Lecanemab (Leqembi) granted FDA approval for treatment of early-stage Alzheimer’s disease

Two important things happened this week.  On the Fourth of July, my granddaughter Emily got her first ride in a canoe. She was thrilled. The other important thing that happened this week was the FDA approval yesterday of lecanemab (trade name Leqembi) for early-stage Alzheimer’s disease. The approval of lecanemab has been highly anticipated since the publication of a phase 3 clinical trial that showed a 27% decrease in cognitive decline in subjects with MCI or early dementia associated with Alzheimer’s disease. Experts have argued over whether this 27% slowing of cognitive deterioration would be noticed by the patient, but statistically it appears to be significant and real. This may be the first medication to show slowing of cognitive deterioration in Alzheimer’s disease.
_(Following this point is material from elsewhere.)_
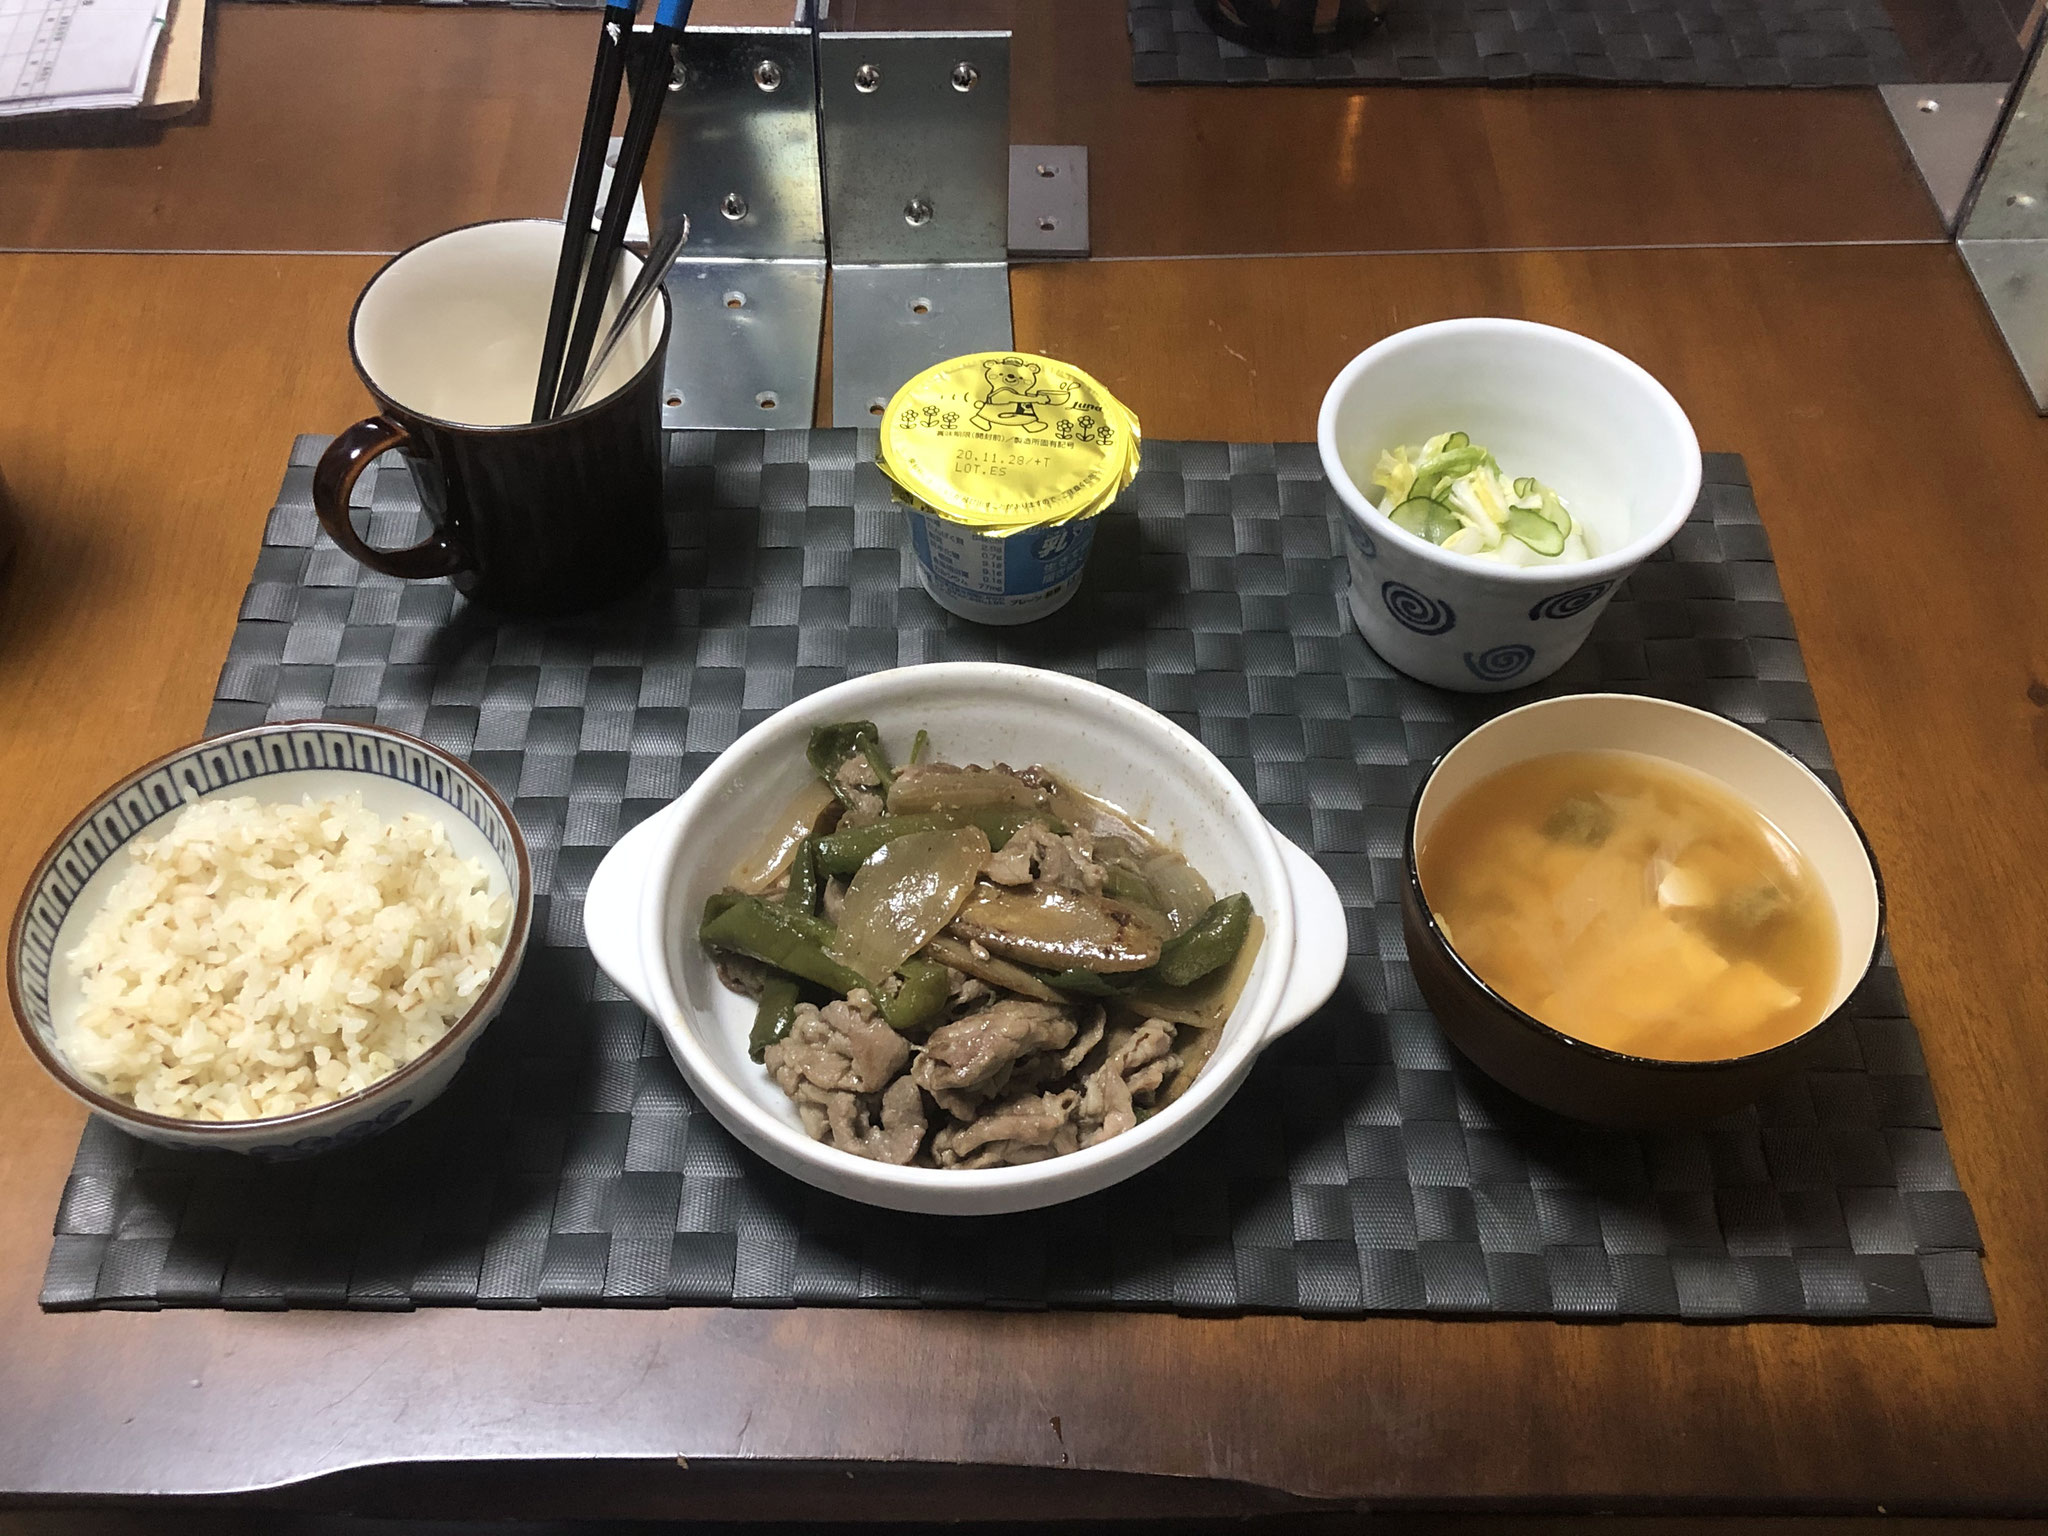 11月12日木曜日、Ohana夕食「豚肉とピーマンとごぼう炒め、みそ汁（ねぎ、とうふ）、白菜ときゅうりの酢の物、ヨーグルト」

The potential problem with lecanemab and other drugs in this class is that they can cause brain swelling and/or bleeding.  These side effects are called ARIA, amyloid-related imaging abnormalities. This is usually not a problem, and often they don’t even cause symptoms, but a small number of people using this drug have had severe reactions resulting in hospitalization and at least three deaths. People who have two copies of the APOE-4 allele, the most common genetic risk factor for Alzheimer’s disease, have a greater chance of getting ARIA, especially severe ARIA. Therefore, the FDA Prescribing Information for lecanemab contains a black box warning that recommends genetic screening before using this drug. APOE-4 carriers may still take the drug, but they need to know of their increased risk of adverse complications including death. For those who choose to receive the drug despite the added risk, increased surveillance with frequent MRI scans will be necessary.

Would I choose to take lecanemab knowing that I have two copies of the APOE-4 allele? No, because I have already had life-threatening side effects from taking another drug in this class, aducanumab. In my opinion, no one who has had severe ARIA in response to any of the anti-amyloid monoclonal antibodies should take lecanemab or other drugs of this class.